Jesus, for the sake of humanity is made lower than the angels for a little while so that He may restore many sons to glory through His death and resurrection (see Hebrews 2:9-10). And the author of Hebrews makes known the calling of man as higher than that of the angels,
For assuredly He (Jesus) does not give help to angels, but He gives help to the descendant of Abraham. Hebrews 2:16
Having understood that man is destined as greater than the angels, Jesus, having been appointed as King of kings will grant His authority to whomever He deems fit. Therefore, as believers are found faithful in small things, God will grant them greater authority, so that they may take charge over the angels and establish God’s kingdom on earth. The angels despite their power are not called to rule which only the sons of God are called to do (see Romans 8:20-21).
Therefore, in realising man’s destiny, let the followers of Christ rise up in authority with the company of angels so that we may rule the earth in righteousness.
Are you accustomed to dwelling on things that are beyond your control? In view of the current economic climate, do you worry that you may not have sufficient earnings? Abraham teaches us that as long as our life direction is aligned with God’s vision for the world, He will grant you divine providence to ensure your prosperity. Align your life with God’s will and learn to live by His instructions one day at a time. Know where your limitations lie so that you may entrust all things to God and be at rest.

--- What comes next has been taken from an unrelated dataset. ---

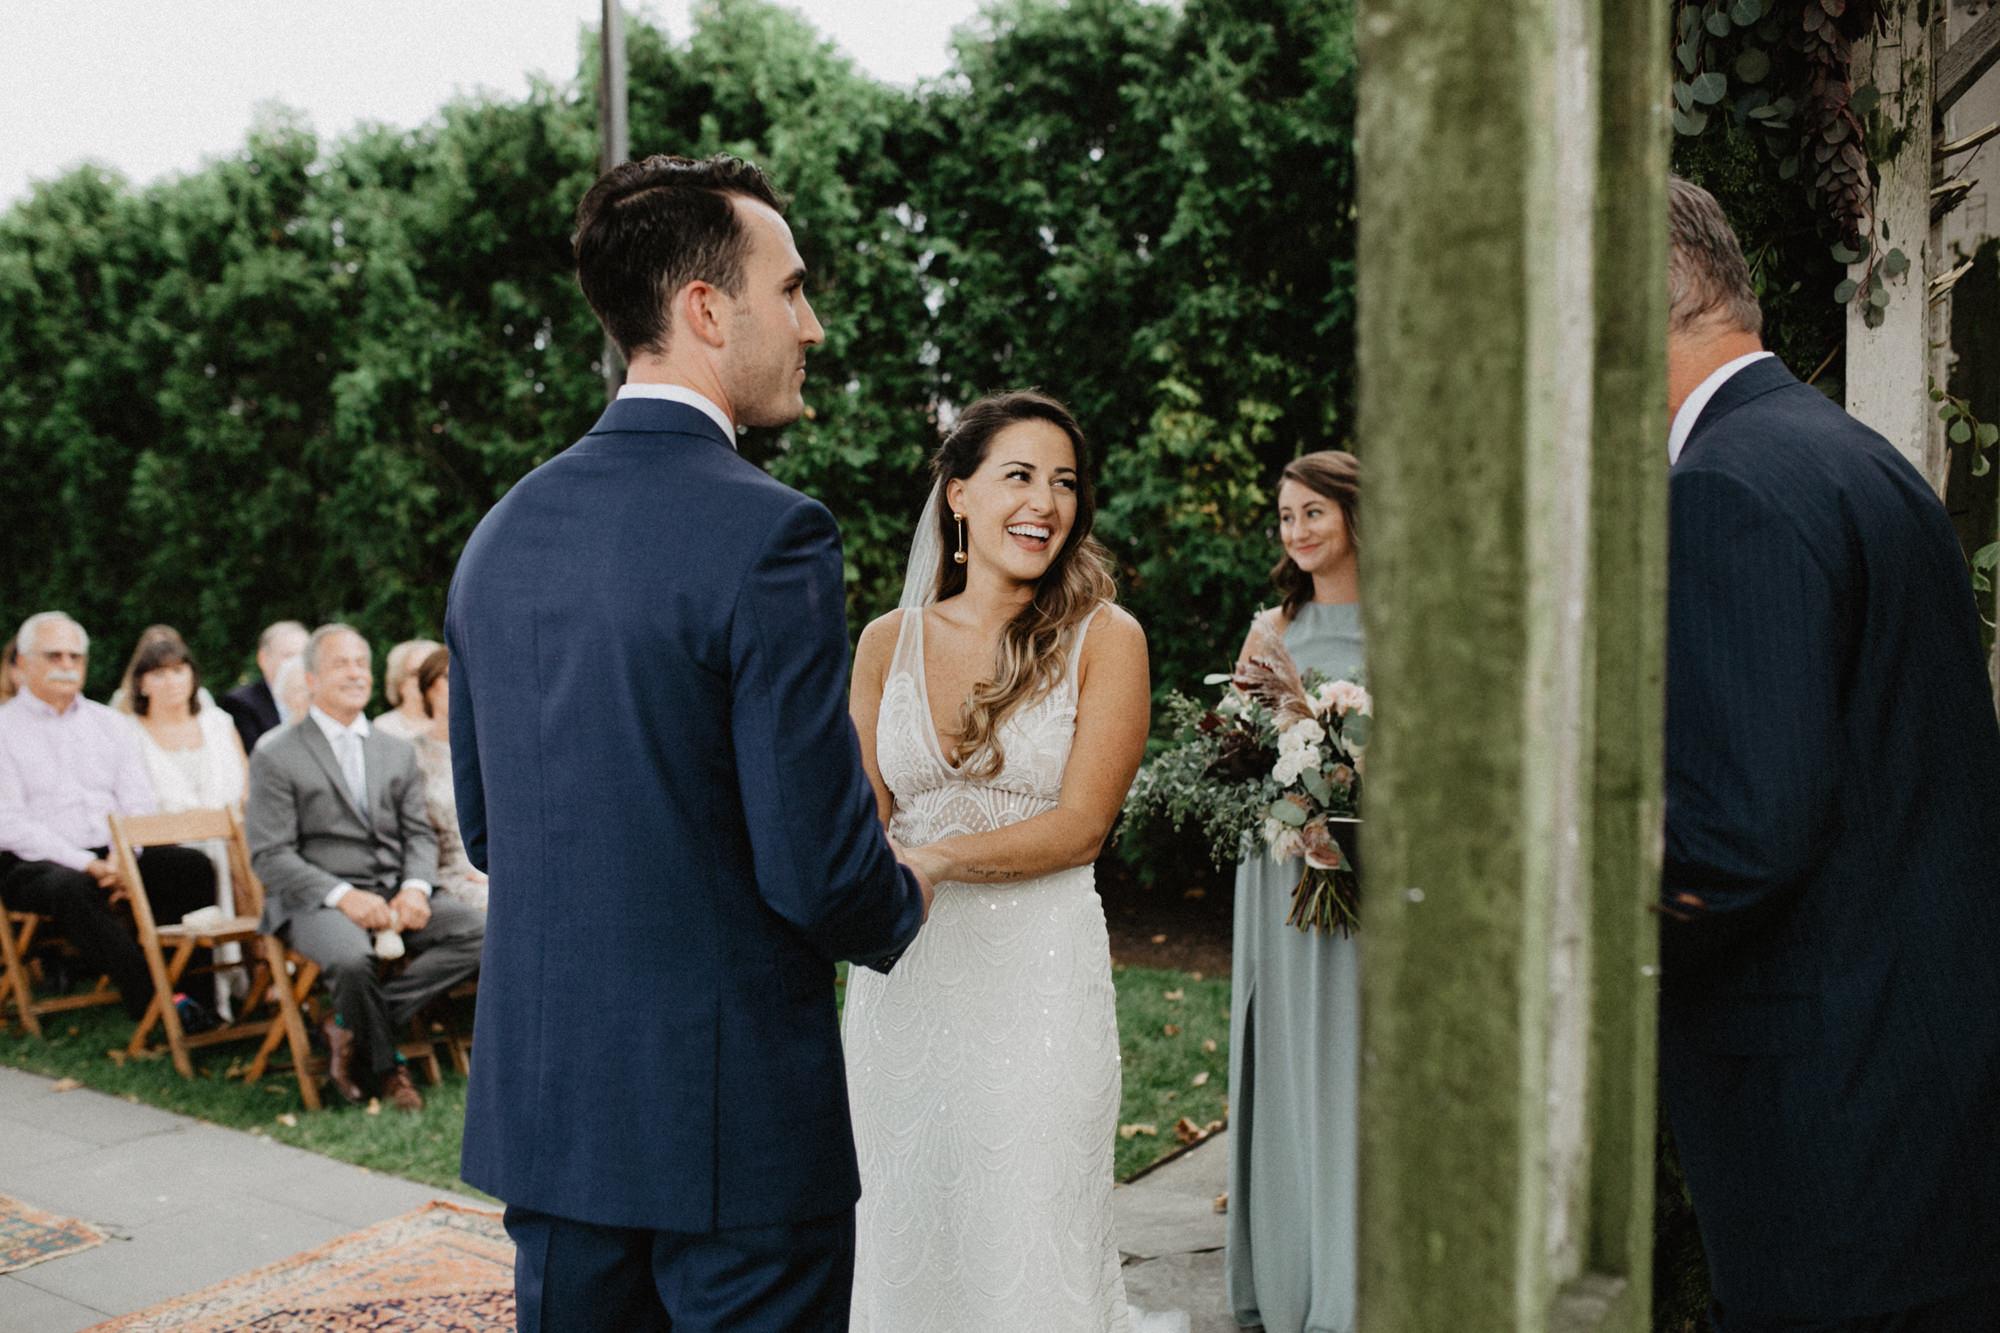 terrain-events-wedding-photographer-27.jpg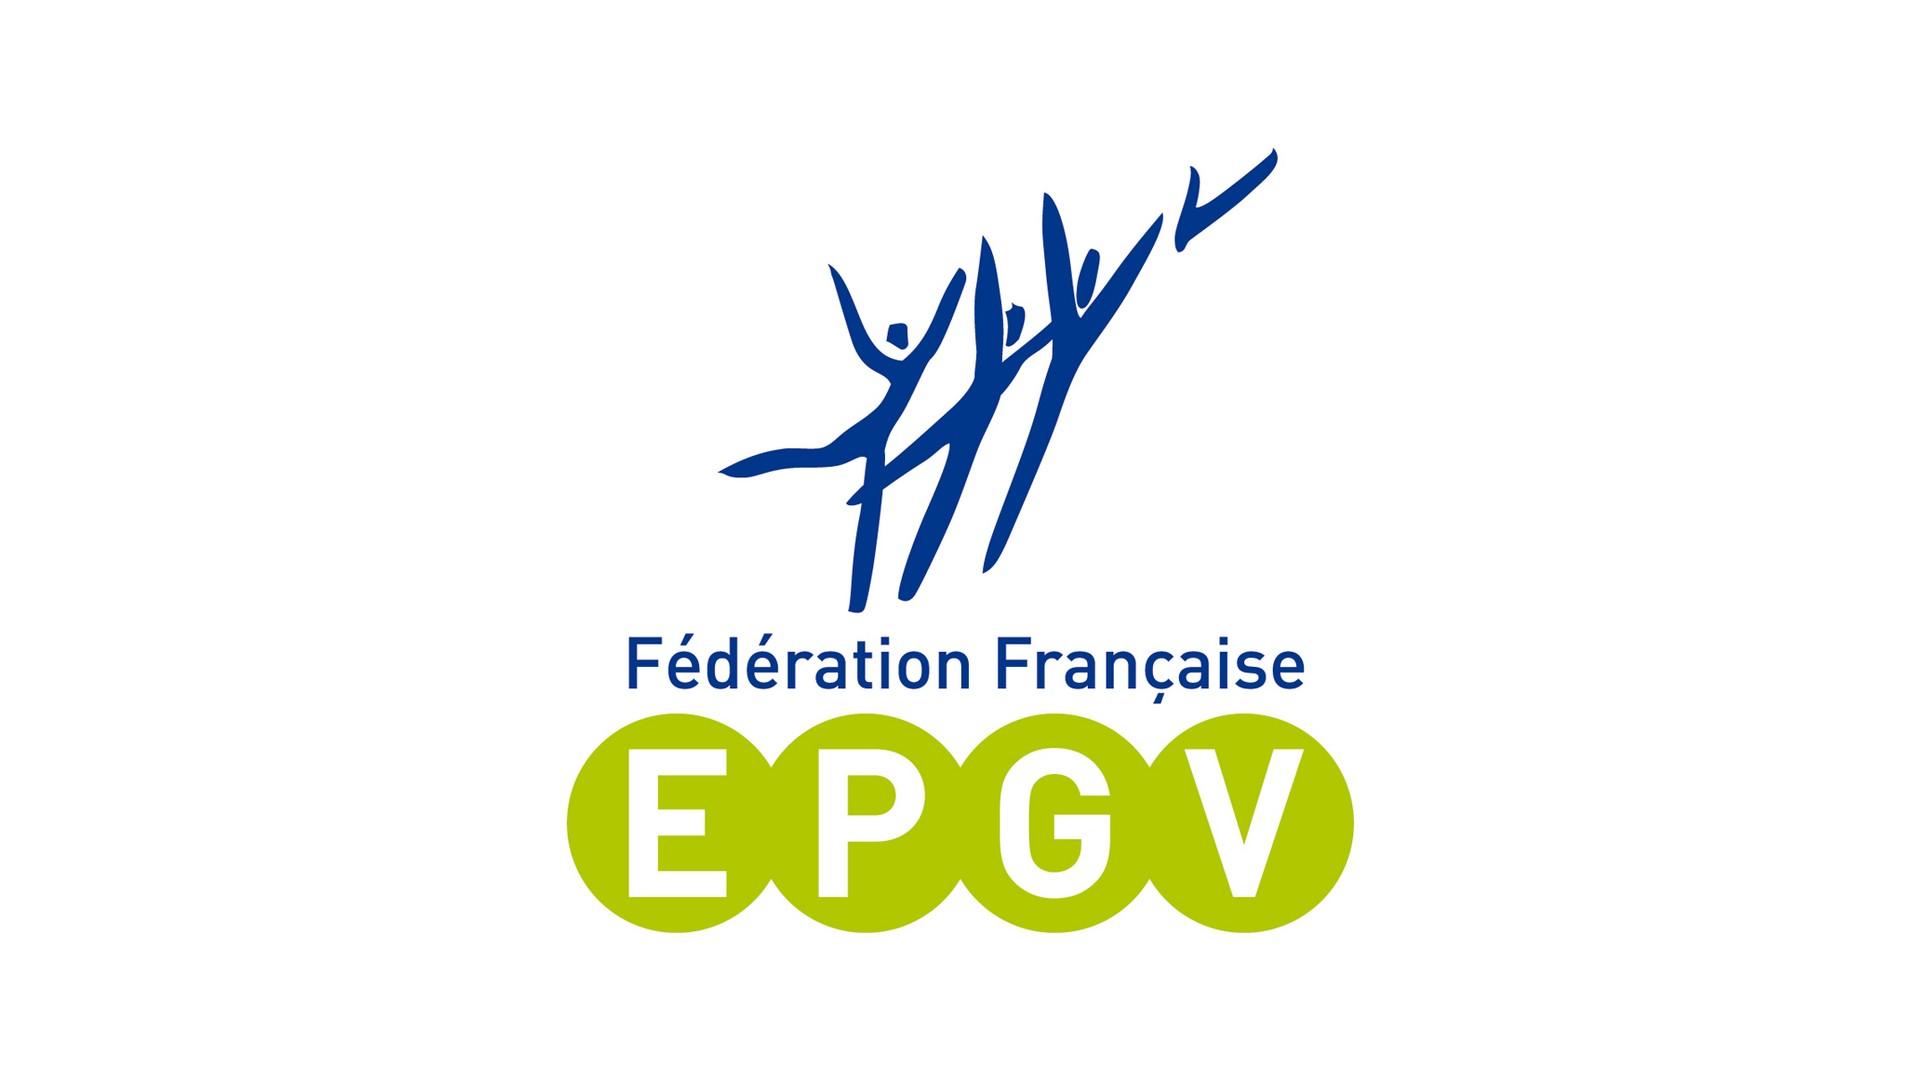 Fédération française EPGV (1) logo FFEPGV

Dear Lord, I align my life direction towards your salvation plans. Even as I endeavour to do my best in the tasks at hand, I entrust into your hands the things that are beyond my control. I ask you to send your angels to accompany me in all my endeavours so that I may be successful. I desire to invest my resources, time and efforts to ensure the continuation of godliness in the next generation. Prepare me and in due time use me as your disciple maker. In Jesus’s name I pray. Amen.